4.2 Damage Mechanisms
Damage due to the air-blast shock wave may be divided into direct airblast effects and progressive collapse.
Direct air-blast effects are damage caused by the high-intensity pressures of the air blast close to the explosion. These may induce localized failure of exterior walls, windows, roof systems, floor systems, and columns.
Progressive collapse refers to the spread of an initial local failure from element to element, eventually resulting in a disproportionate extent of collapse relative to the zone of initial damage. Localized damage due to direct air-blast effects may or may not progress, depending on the design and construction of the building. To produce a progressive collapse, the weapon must be in close proximity to a critical load-bearing element. Progressive collapse can propagate vertically upward or downward (e.g., Ronan Point) from the source of the explosion, and it can propagate laterally from bay to bay as well.
The pressures that an explosion exerts on building surfaces may be several orders of magnitude greater than the loads for which the building is designed. The shock wave also acts in directions that the building may not have been designed for, such as upward pressure on the floor system. In terms of sequence of response, the air blast first impinges the exterior envelope of the building. The pressure wave pushes on the exterior walls and may cause wall failure and window breakage. As the shock wave continues to expand, it enters the structure, pushing both upward on the ceilings and downward on the floors (see Figure 4-1).
Floor failure is common in large-scale vehicle-delivered explosive attacks, because floor slabs typically have a large surface area for the pressure to act on and a comparably small thickness. Floor failure is particularly common for close-in and internal explosions. The loss of a floor system increases the unbraced height of the supporting columns, which may lead to structural instability.
For hand-carried weapons that are brought into the building and placed on the floor away from a primary vertical load-bearing element, the response will be more localized with damage and injuries extending a bay or two in each direction (see Figure 4-2). Although the weapon is smaller, the air-blast effects are amplified due to multiple reflections from interior surfaces. Typical damage types that may be expected include:
- localized failure of the floor system immediately below the weapon;
- damage and possible localized failure for the floor system above the weapon;
- damage and possible localized failure of nearby concrete and masonry walls;
- failure of nonstructural elements such as partition walls, false ceilings, ductwork, window treatments; and
- flying debris generated by furniture, computer equipment, and other contents.
More extensive damage, possibly leading to progressive collapse, may occur if the weapon is strategically placed directly against a primary load-bearing element such as a column.
In comparison to other hazards such as earthquake or wind, an explosive attack has several distinguishing features, listed below.
- The intensity of the localized pressures acting on building components can be several orders of magnitude greater than these other hazards.

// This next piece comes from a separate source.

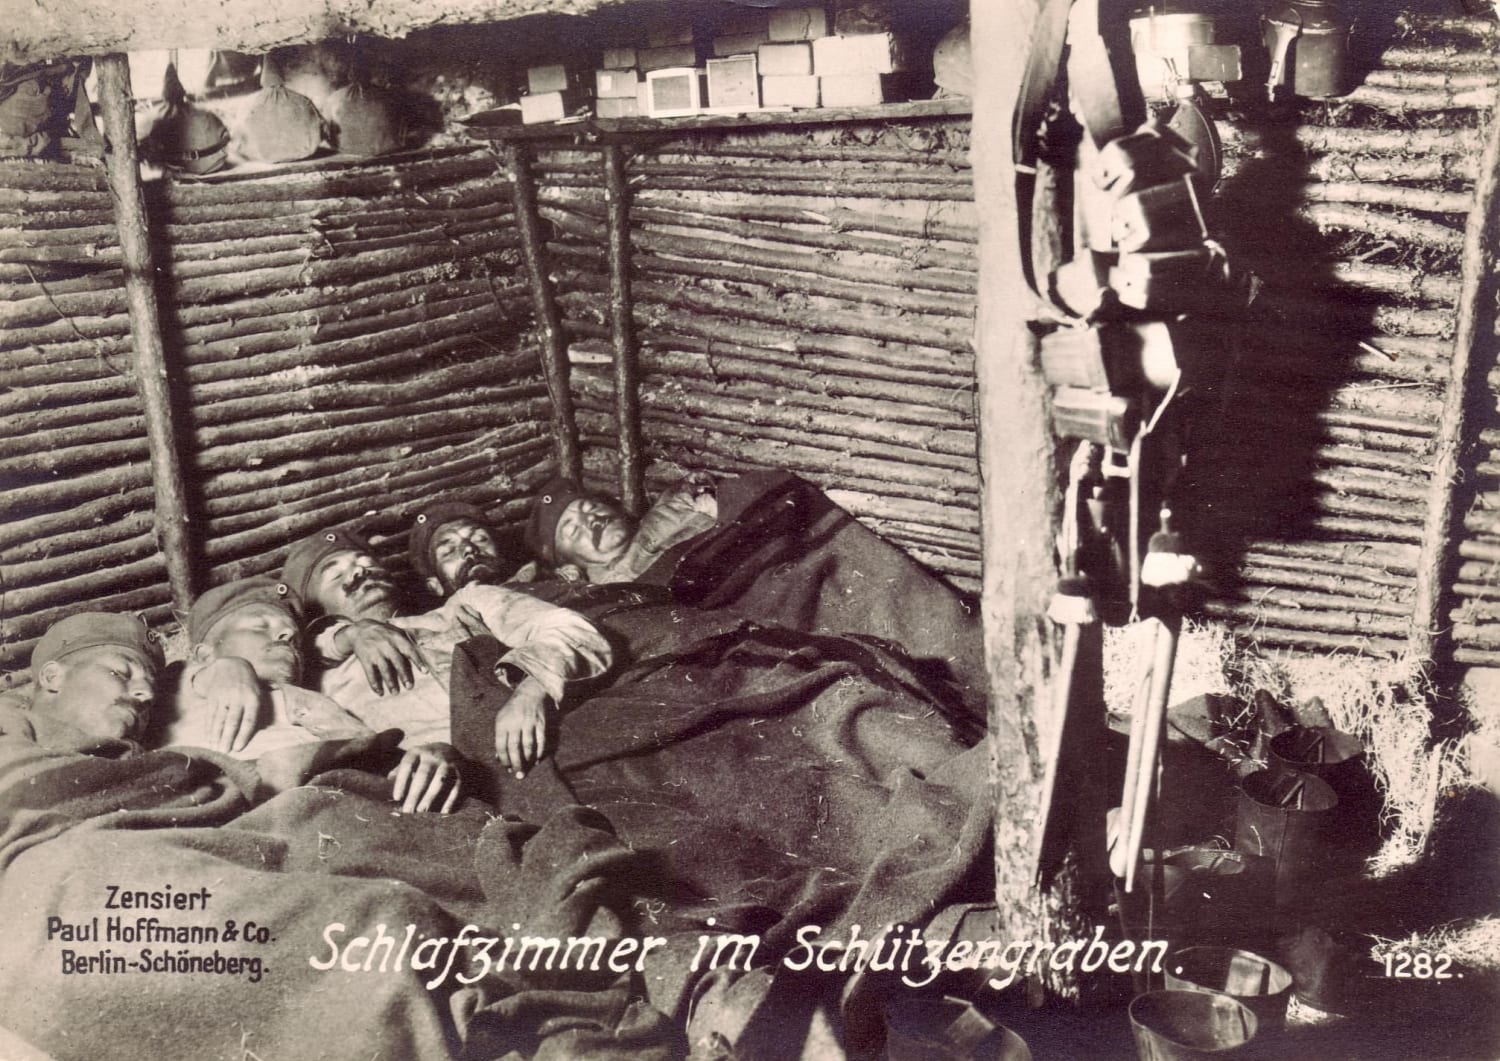 German soldiers sleeping in the trenches during World War I, 1915.

It is not uncommon for the peak pressure on the building from a vehicle weapon parked along the curb to be in excess of 100 psi. Major damage and failure of building components is expected even for relatively small weapons, in close proximity to the building.
- Explosive pressures decay extremely rapidly with distance from the source. Pressures acting on the building, particularly on the side facing the explosion, may vary significantly, causing a wide range of damage types. As a result, air blast tends to cause more localized damage than other hazards that have a more global effect.
- The duration of the event is very short, measured in thousandths of a second, (milliseconds). In terms of timing, the building is engulfed by the shockwave and direct air-blast damage occurs within tens to hundreds of milliseconds from the time of detonation due to the supersonic velocity of the shock wave and the nearly instantaneous response of the structural elements. By comparison, earthquake events last for seconds and wind loads may act on the building for minutes or longer.